10, but that individual lived well over a thousand years before the
Gomer representing Israel of Hosea’s prophecies. Further, the tenth
chapter of Genesis is a geographic representation of nations, rather
than racial, and is allegorical rather than literal. We believe in
taking the Bible literally whenever possible, interpreting allegorically
only when a literal explanation cannot apply, such as is the case here.
It has been shown by scholars that the national relationships found in
Genesis chapter ten do not fit a literal, racial interpretation. For
example, well-respected scholar Dr. Henry Sayce says, “The
tenth chapter of Genesis is ethnographical rather than ethnological. It
does not profess to give an account of the different races of the world
and to separate them one from another according to their various
characteristics. It is descriptive merely, and such races of men as fell
within the horizon of the writer are described from the point of view of
the geographer and not of the ethnologist. The Greeks and Medes, for
example, are grouped along with the Tibarenian and Moschian tribes
because they all alike lived in the north; the Egyptian and the
Canaanite are similarly classed together, while the Semitic Assyrian and
the non-Semitic Elamite are both the children of Shem. We shall never
understand the chapter rightly unless we bear in mind that its main
purpose is geographical. In Hebrew, as in other Semitic languages, the
relation between a mother-state to its colony, or of a town or country
to its inhabitants, was expressed in a genealogical form. The
inhabitants of Jerusalem were regarded as ‘the daughter of
Jerusalem,’ the people of the east were ‘the children’ of the
district to which they belonged.”
(Dr. A. H. Sayce, Races
of the Old Testament, pp. 65-66)
Dr. Sayce points out that this is the reason the South Arabian tribe of
Sheba is listed twice in Genesis 10, once under the designation of Ham
in verse 7, and again listed under Shem in verse
28. The tribe of Sheba originated in the south, but later spread a
colony far to the north which clashed with Assyria in the days of
Tiglath-Pilesar and Shalmanesar. (ibid.,
p. 65-66) Sayce remarks, “When,
therefore, we are told that ‘Canaan
begat Zidon his first-born, and Heth,’ all that is meant is that the
city of Sidon, and the Hittites to whom reference is made, were alike to
be found in the country called Canaan.

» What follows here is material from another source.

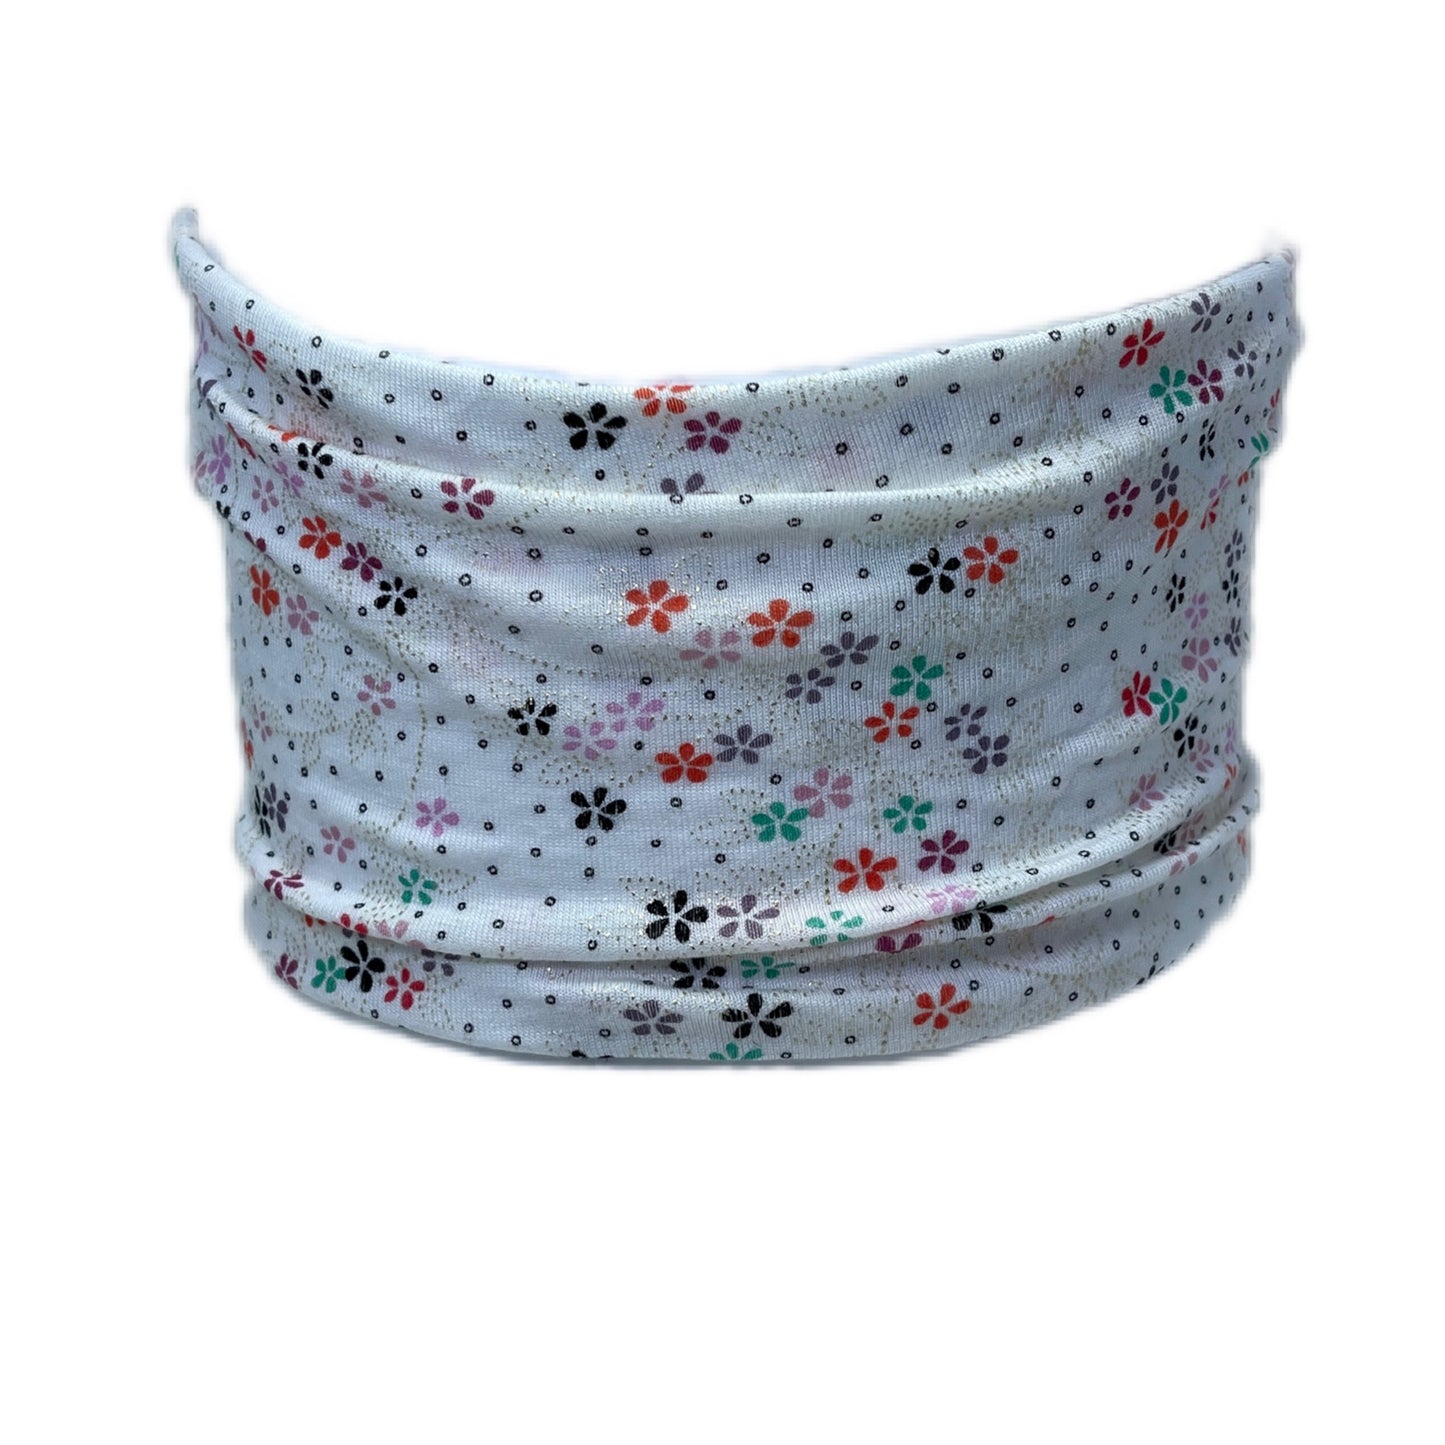 Daisy Yoga Head Wrap - Stretchy and Comfortable for All Levels

It does not follow that there was
any ethnological kinship between the Phoenician builders of Sidon and
the prognathous Hittites
from the north. Indeed, we know from modern research that there was
none.”
(ibid., p. 66)
Sayce, in fact, reproduces Egyptian drawings of both Phoenicians and
Hittites, showing graphically that there was a dramatic
difference in physical features (and therefore origins) between these
two peoples. Similarly, Assyria, Elam, and Babylonia (Arphaxad) were
called brethren, “not because the natives of them claimed
descent from a common father, but because they occupied the same quarter
of the world.” ( ibid.,
p. 66-67) Ancient races portrayed on Egyptian monuments are shown by
Dr. Sayce in the box above. Clockwise from left top, are a king of the
Hittites (with pigtail), Hittite soldiers, an Israelite, and a chief of
Ganata or Gath, showing Phoenician-Canaanite features.